Technological and policy solutions are being developed to address these challenges, and operators have implemented various approaches to reduce the risk of anti-social behavior. Vehicles have been designed with improved durability and employ theft-deterring measures including cable locks, proprietary parts, and internal cabling. GPS tracking is standard, but operators have started installing additional hidden radio modules to track vehicle locations and alarms and immobilizers to detect unauthorized movement. In addition to implementing security measures, Swiss e-bike sharing company BOND Mobility takes a psychological approach to protecting its fleet. The company provides high end, $4,000 e-bikes that are inspected every 3 days to ensure pristine condition. The company has observed that users admire these e-bikes, taking extra care in riding and returning them, and are perhaps cautious of potentially high damage liabilities.

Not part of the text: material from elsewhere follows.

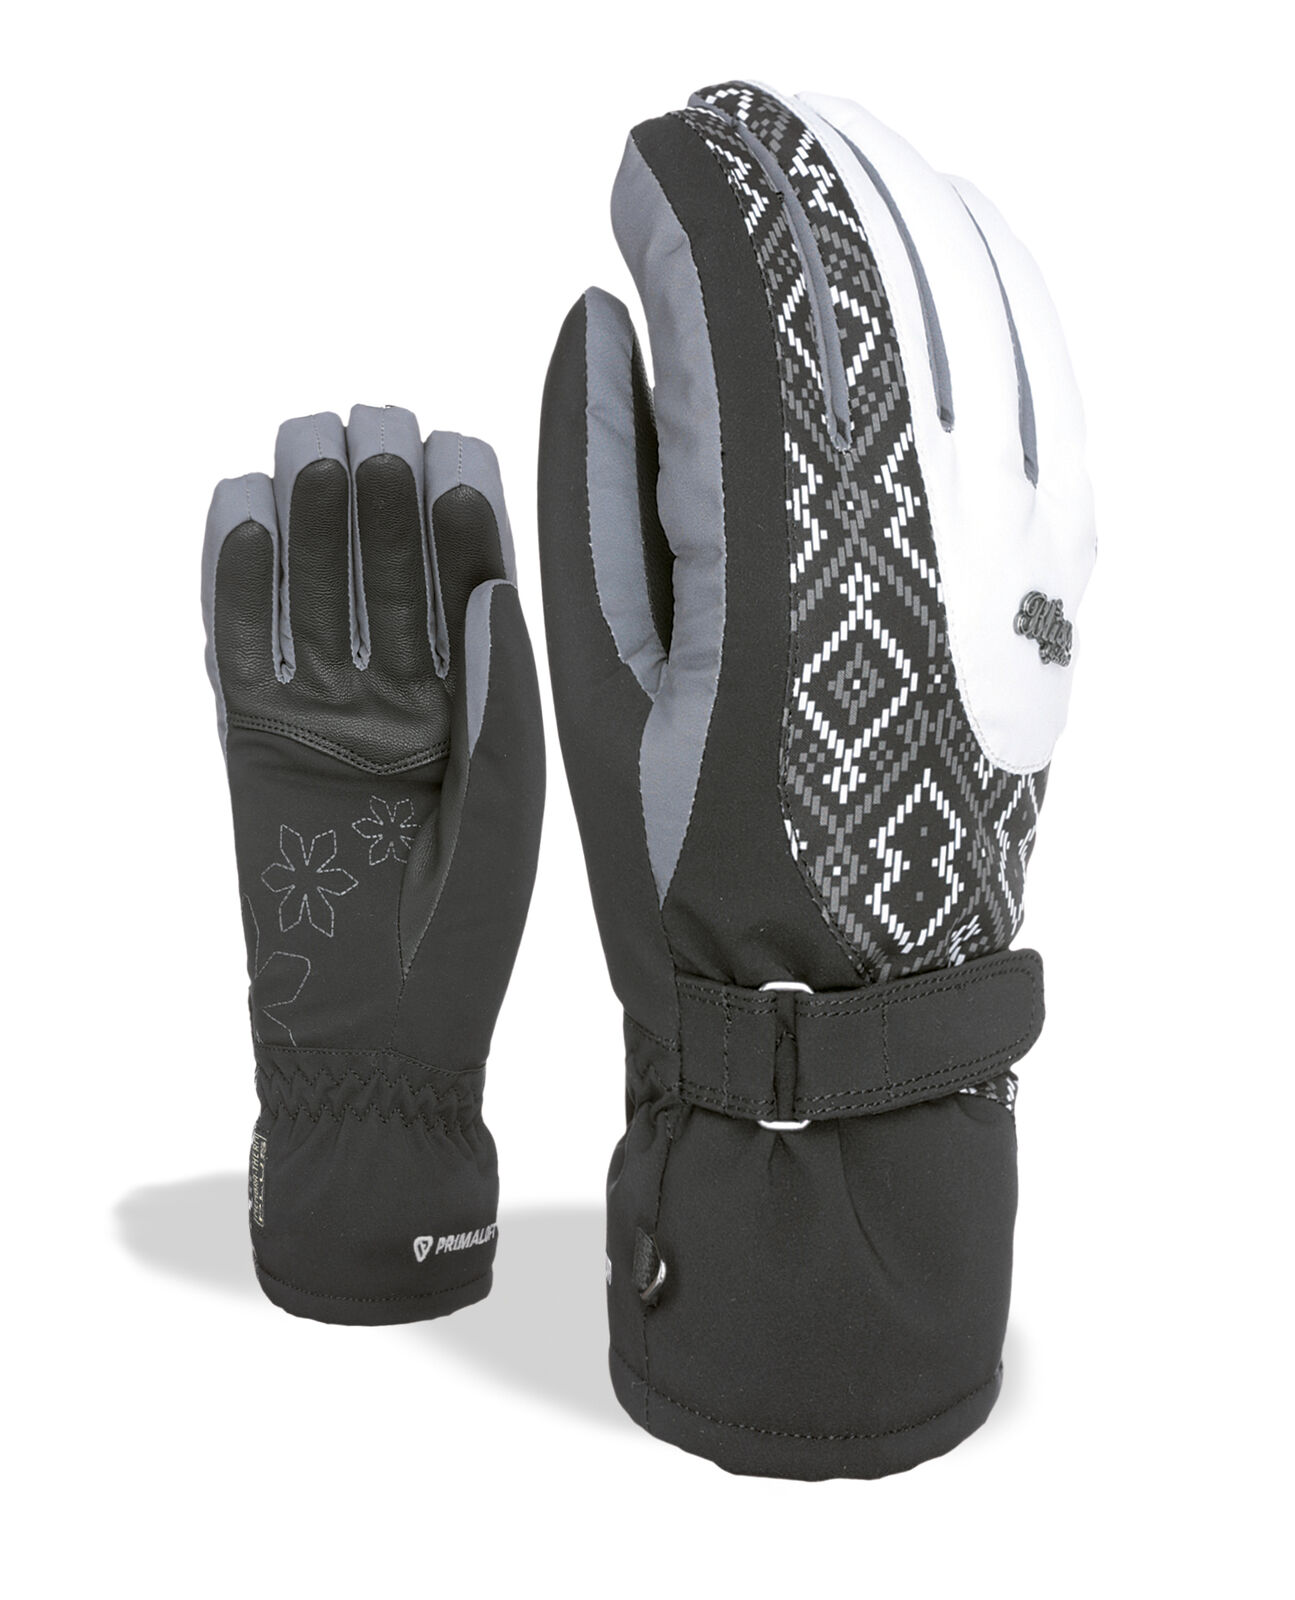 Level Handschuh  Bliss Venus black wasserdicht atmungsaktiv wärmend  wholesale store

City authorities are also taking responsibility, developing codes of conduct for the operation of shared micromobility schemes. To counter the problem of users riding on sidewalks, authorities in Santa Monica, California, are planning regulations to make sidewalk detection technology obligatory for shared scooters. In addition, several Chinese cities fine operators for offences and seize illegally parked bikes resulting in bicycle graveyards. Operators can penalize offending users who then have points deducted from their social credit rating. However, it is improbable that such an approach could be effectively implemented elsewhere. Some local authorities in London are planning to mandate that shared bikes must be docked to reduce inconsiderate parking. This measure would be controversial as it would eliminate important benefits of dockless services. 

The Struggle Continues

Shared micromobility operates with slim margins that face the continual global nuisance of anti-social behavior. The measures implemented to mitigate this behavior will not completely thwart determined and resourceful thieves or vandals and they further add to operating costs. Ultimately, the success of shared micromobility is dependent on not only technical and business innovation but also a combination of deterring vandalism and theft, enforcing policies and responsible behavior, and fostering a social appreciation for mobility.